WHAT THIS TASK INVOLVES: Pull out the lines from the one containing "Eclipse-Whole.jpg" through the final line of the listing below and repeat them exactly. Leave the pictures behind.

━━━ DATA SECTION ━━━

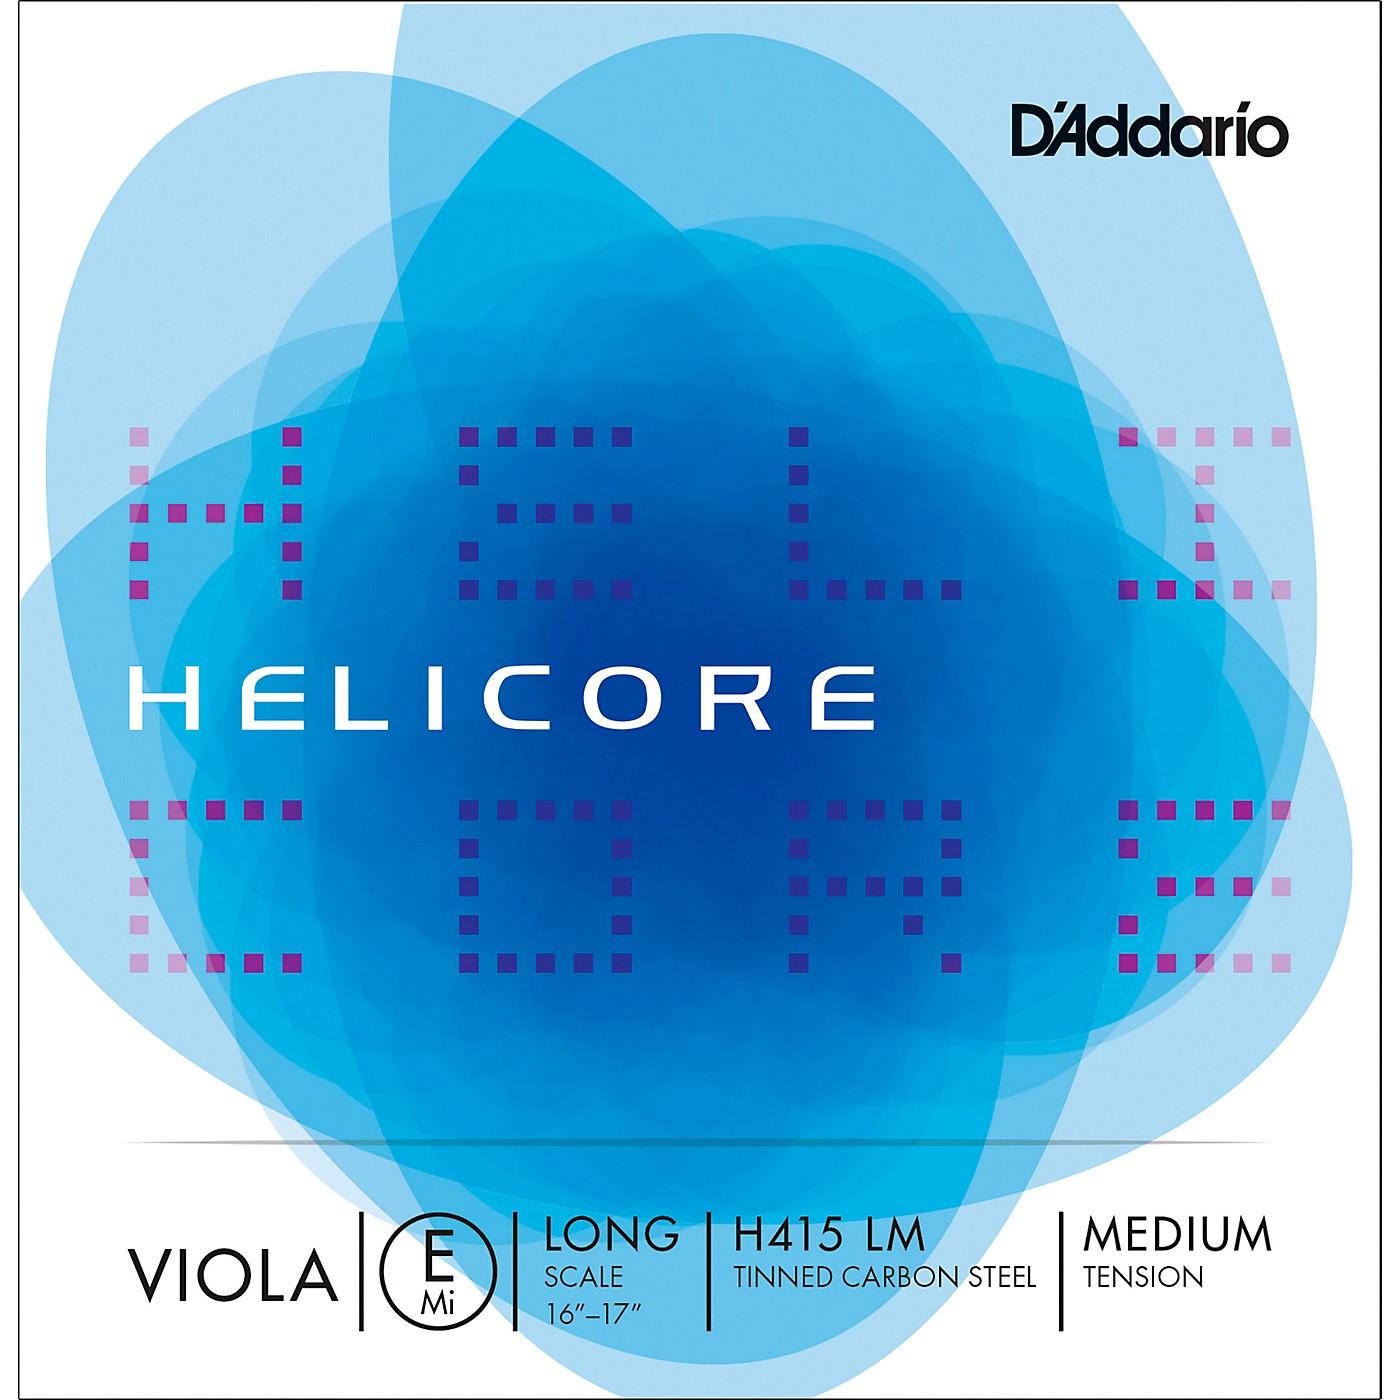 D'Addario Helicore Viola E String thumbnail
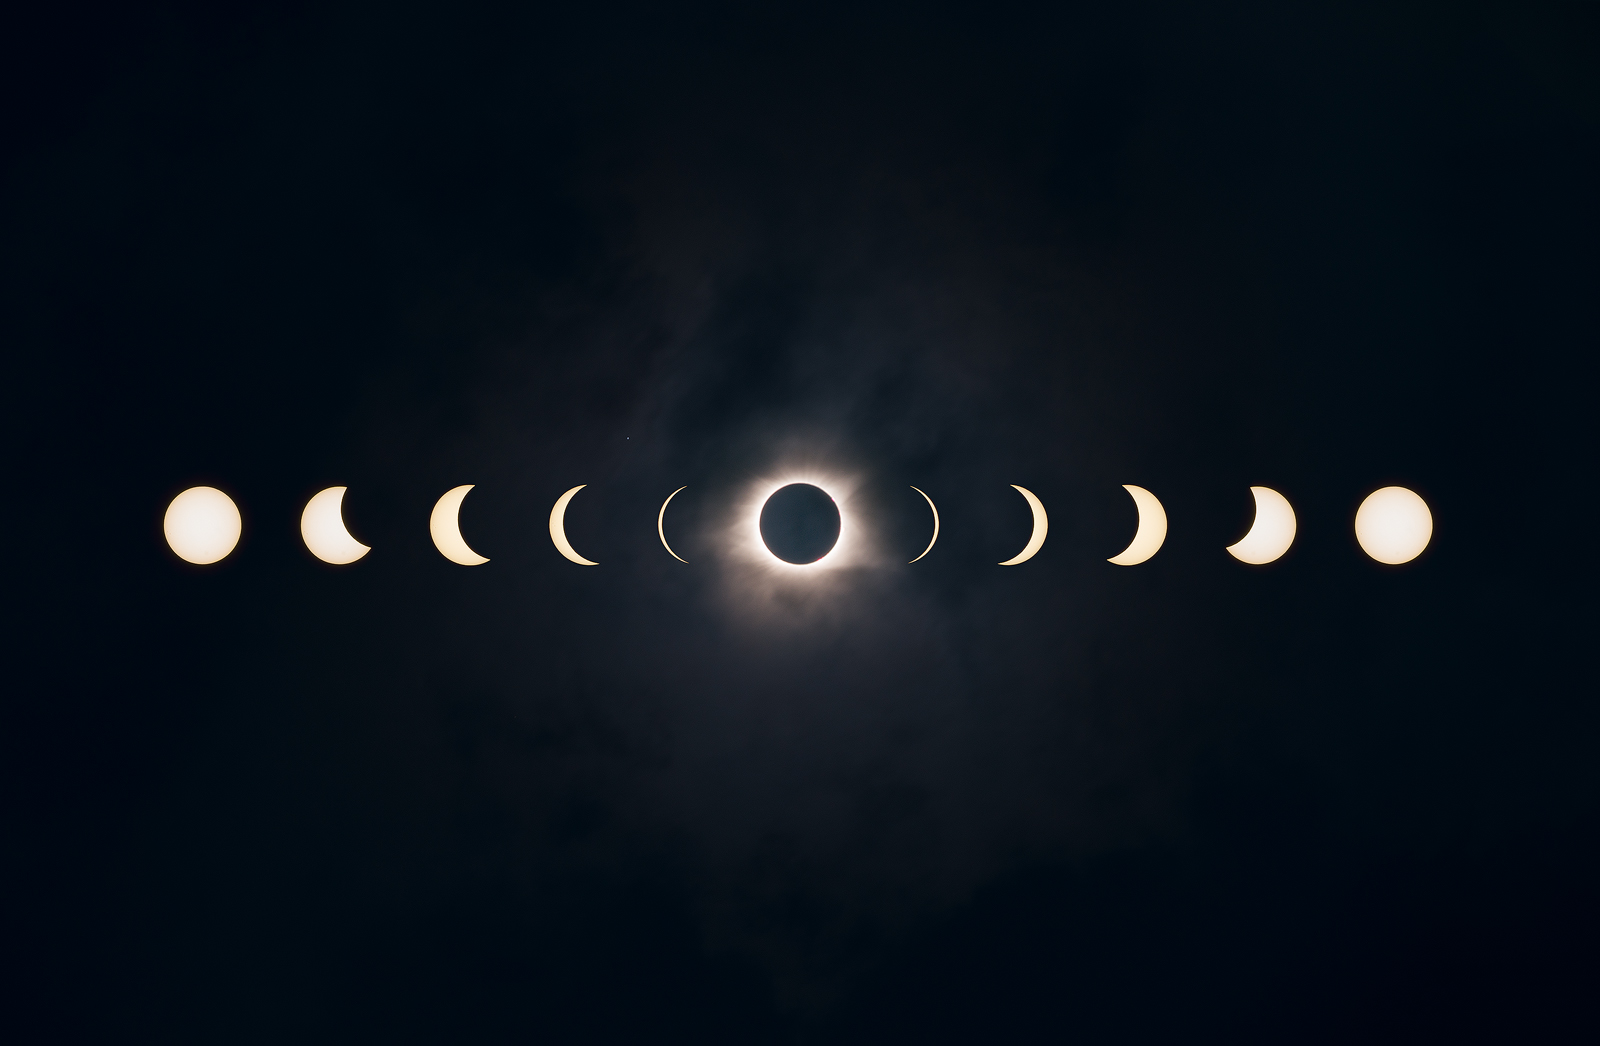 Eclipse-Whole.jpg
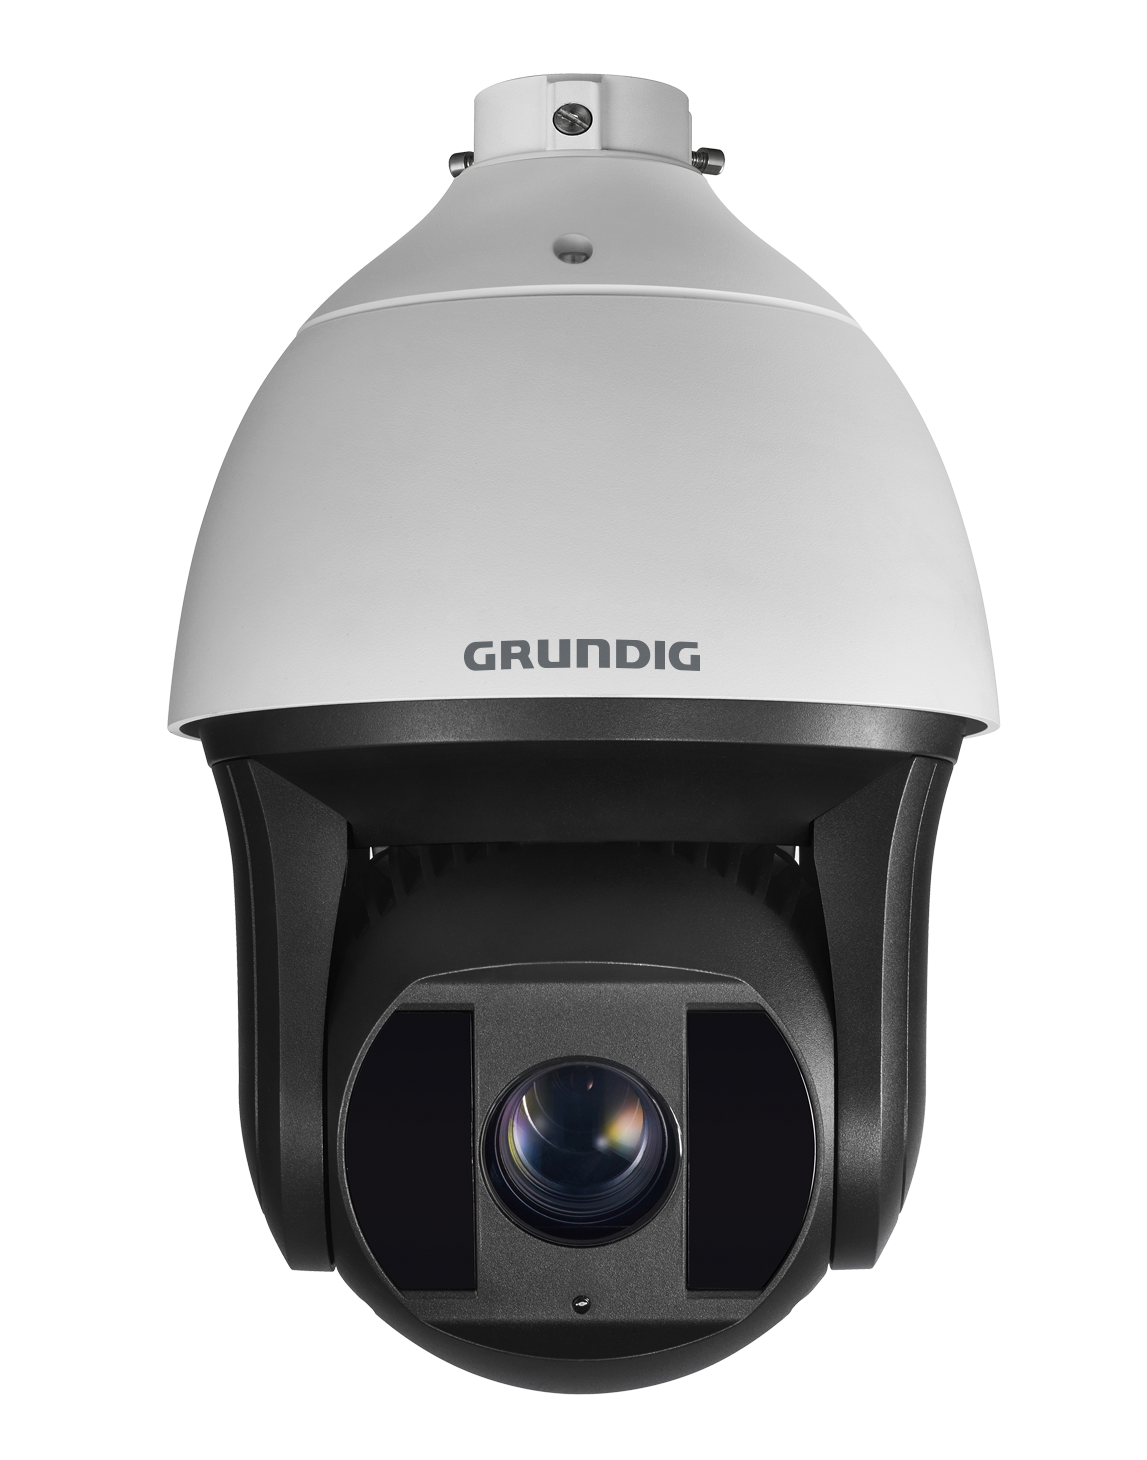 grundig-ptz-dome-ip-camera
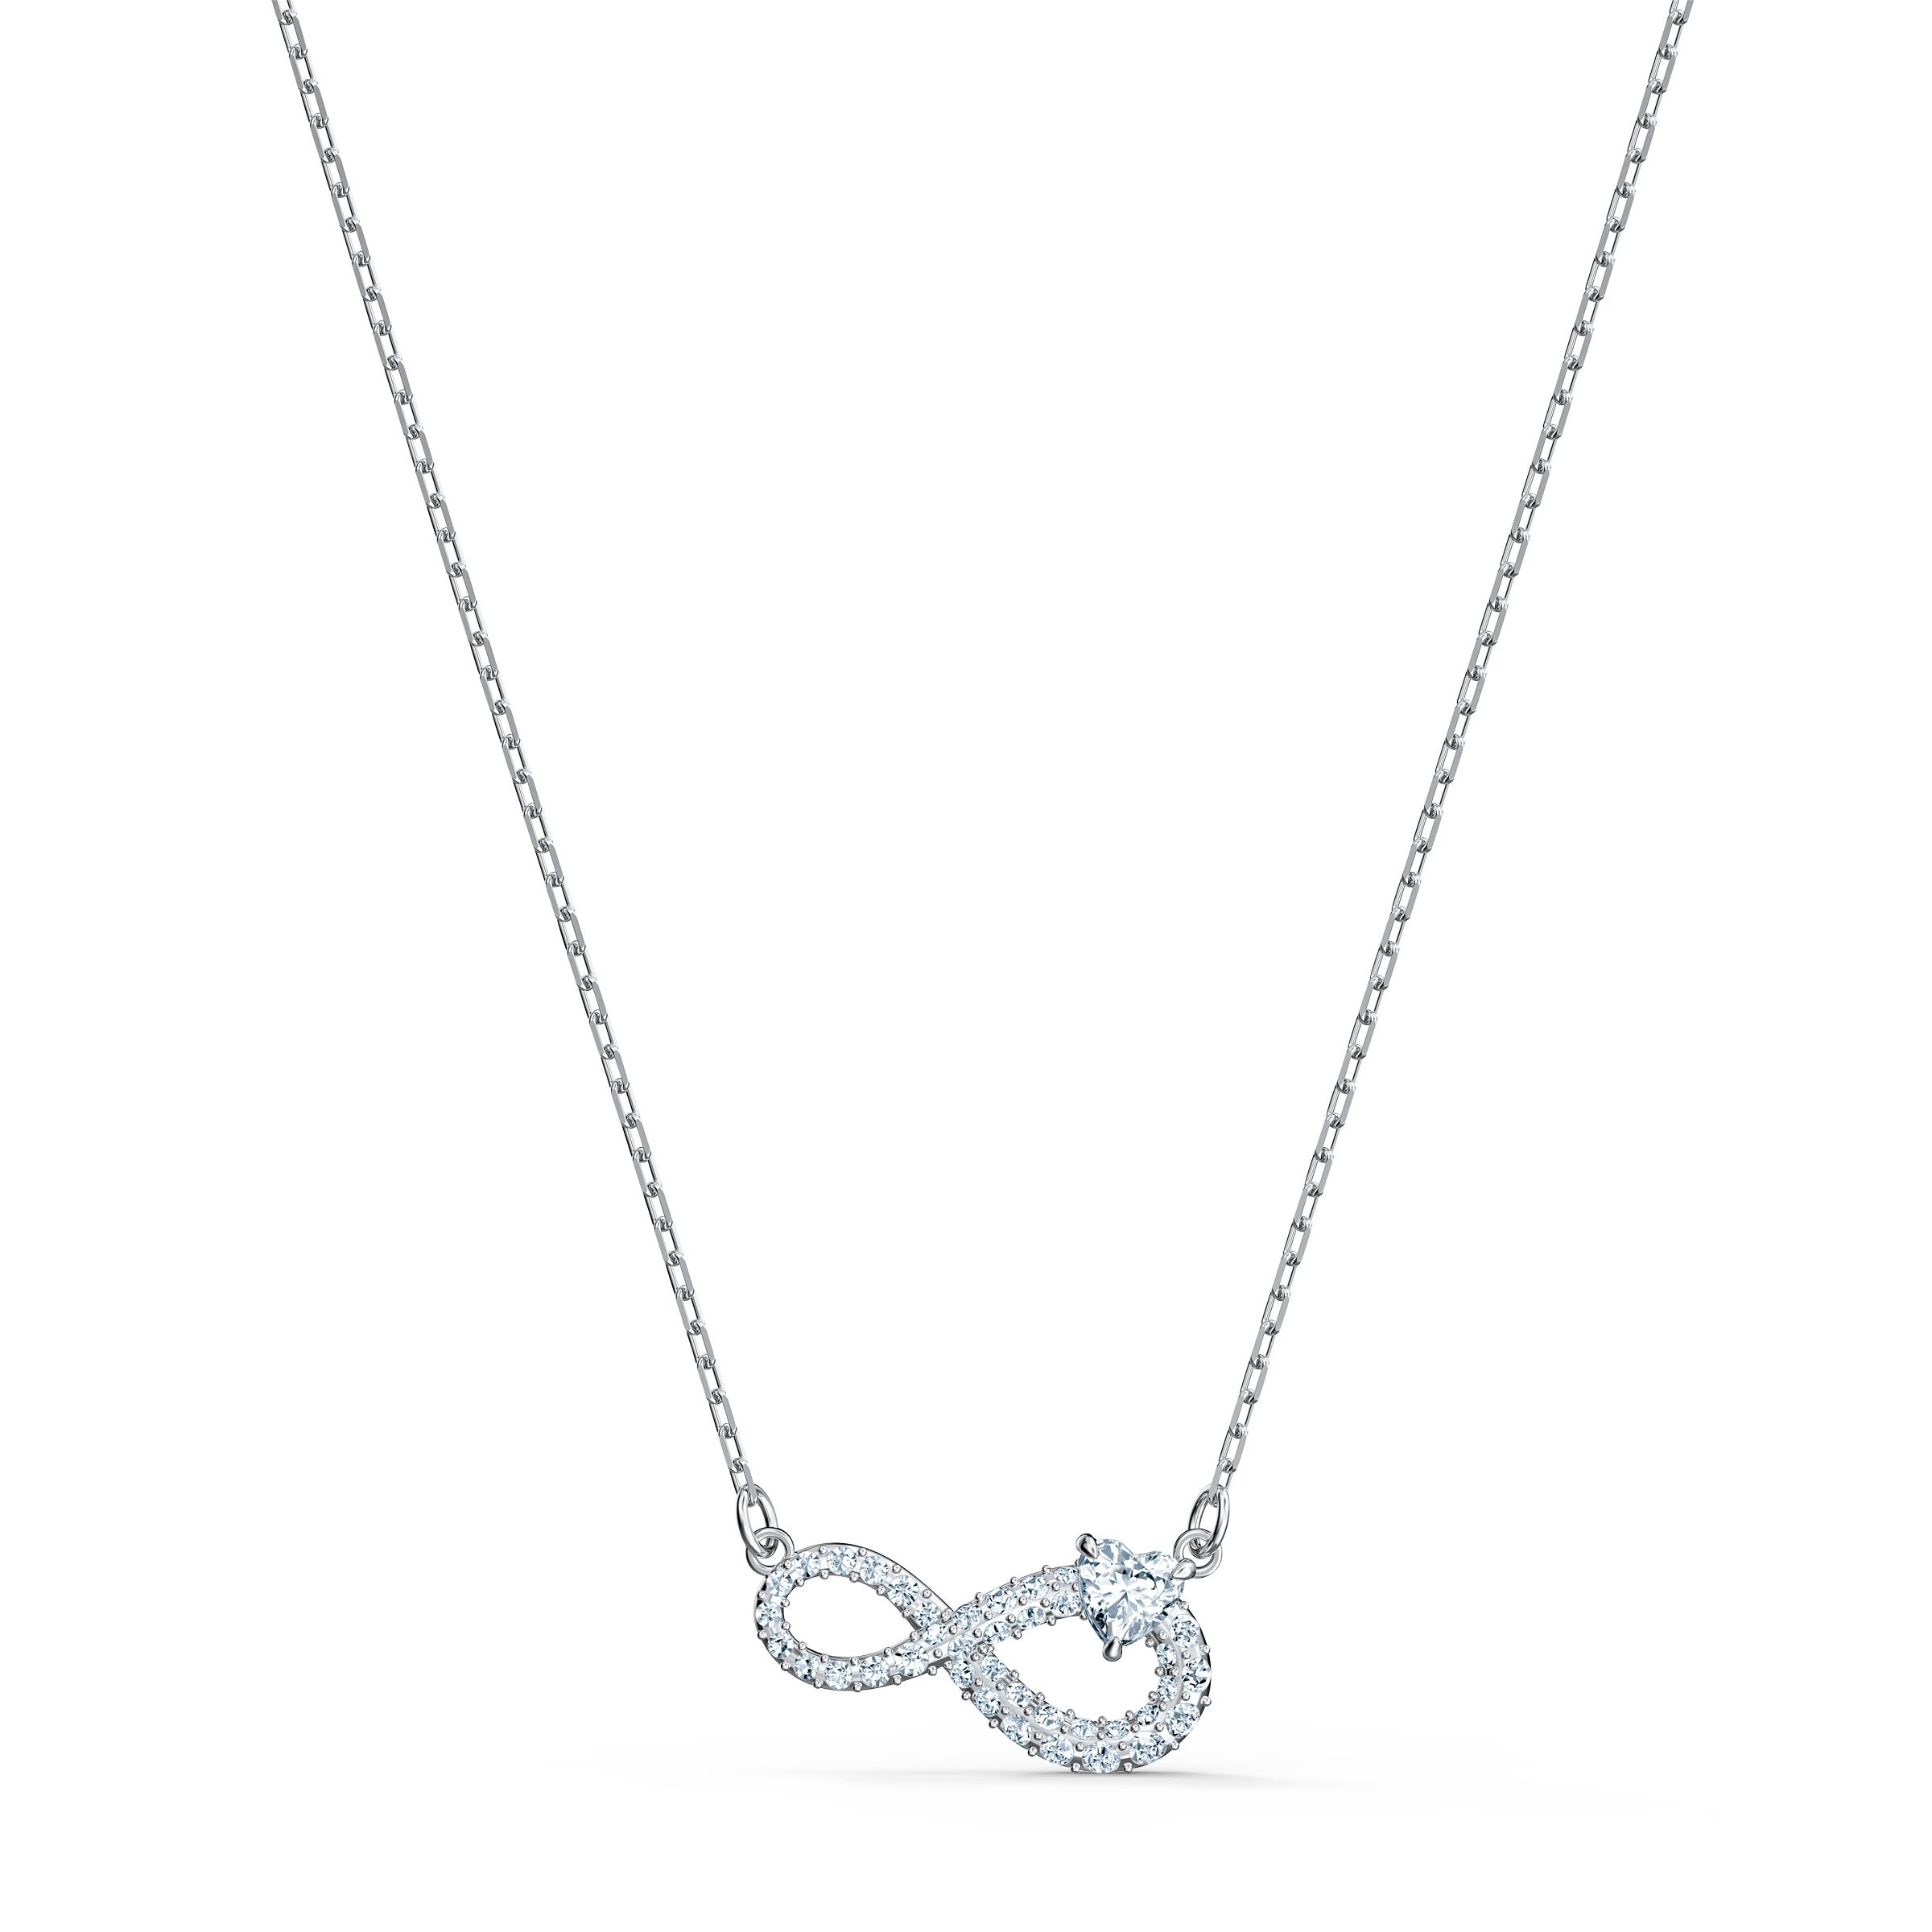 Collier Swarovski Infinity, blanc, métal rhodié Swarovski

━━━

RESPONSE BELOW:
 Eclipse-Whole.jpg
 grundig-ptz-dome-ip-camera
 Collier Swarovski Infinity, blanc, métal rhodié Swarovski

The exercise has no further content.